EXERCISE PROMPT:
Return, exactly as written, the lines of the material from its top through the line with "The book of", keeping pictures out.

SUPPLIED MATERIAL:
****************************************

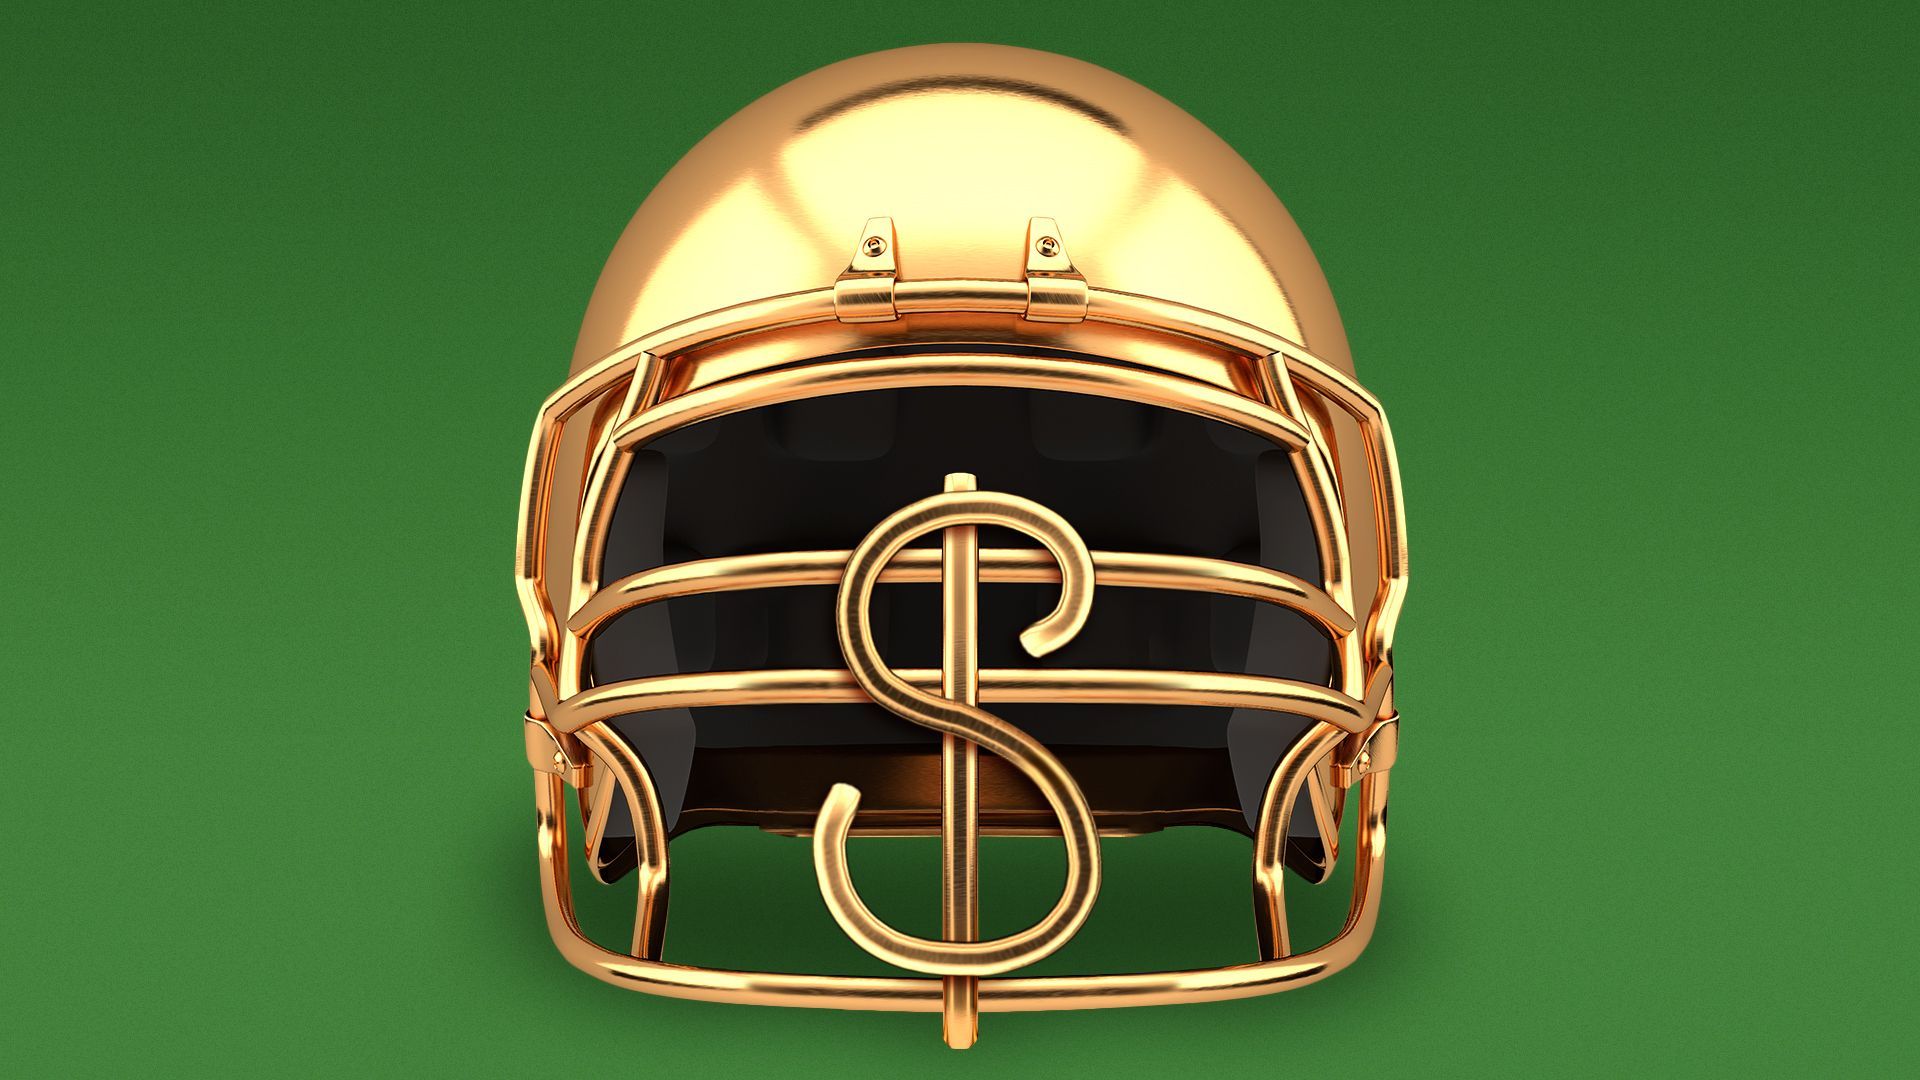 Illustration of a golden football helmet with a front grill shaped like a dollar bill sign
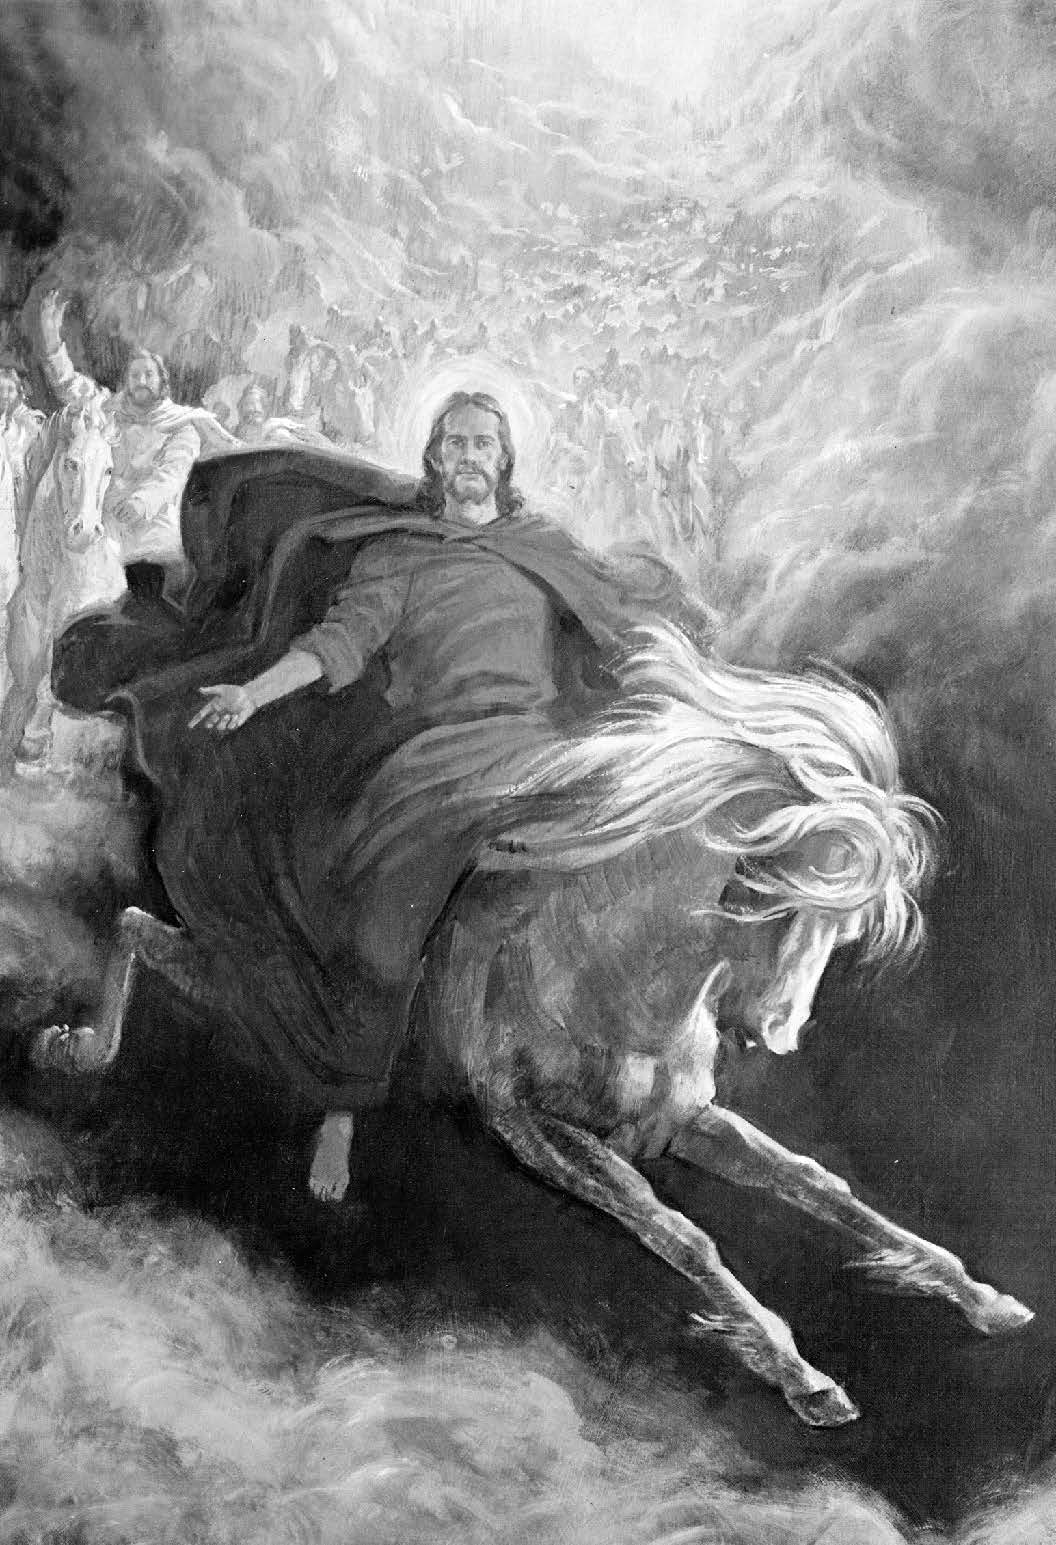 The book of Revelation was important enough to Joseph Smith that he took the time to ponder the book, identify questions that he had, and approach the Lord with those questions, providing a model (section 77) for how we can find resolutions to many of our own questions as we endeavor to understand the scriptures.
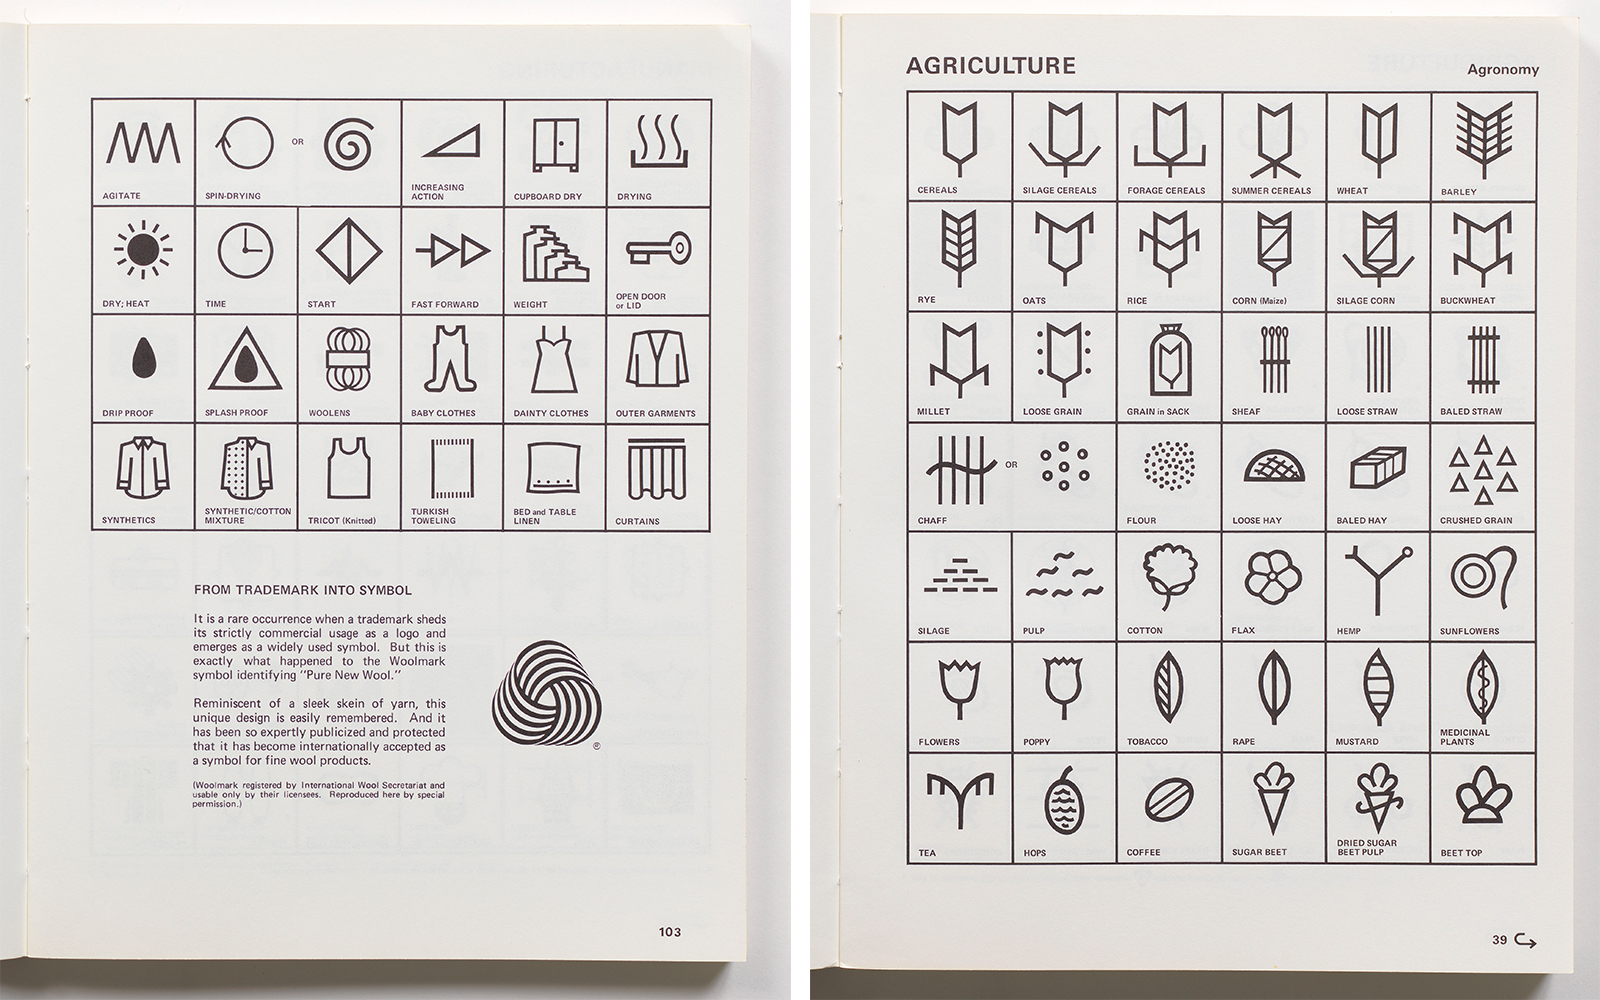 At left: Page from the book the Symbol Sourcebook showing black text and imagery on a white background; on the top half of the page is a gridded arrangement of symbols in four rows including a skein of wool with “WOOLENS” below and on the bottom half of the page is the copyright symbol for Woolmark of a triangular trail of striped black and white wool with explanatory text to the left and the heading “FROM TRADEMARK INTO SYMBOL”. At right: Page from the book the Symbol Sourcebook showing black text and imagery on a white background; “AGRICULTURE” heading at top left with gridded arrangement of symbols of crops including a silhouette of a puffy flower form with “COTTON” below.

****************************************

ANSWER BOX:
 Illustration of a golden football helmet with a front grill shaped like a dollar bill sign
 The book of Revelation was important enough to Joseph Smith that he took the time to ponder the book, identify questions that he had, and approach the Lord with those questions, providing a model (section 77) for how we can find resolutions to many of our own questions as we endeavor to understand the scriptures.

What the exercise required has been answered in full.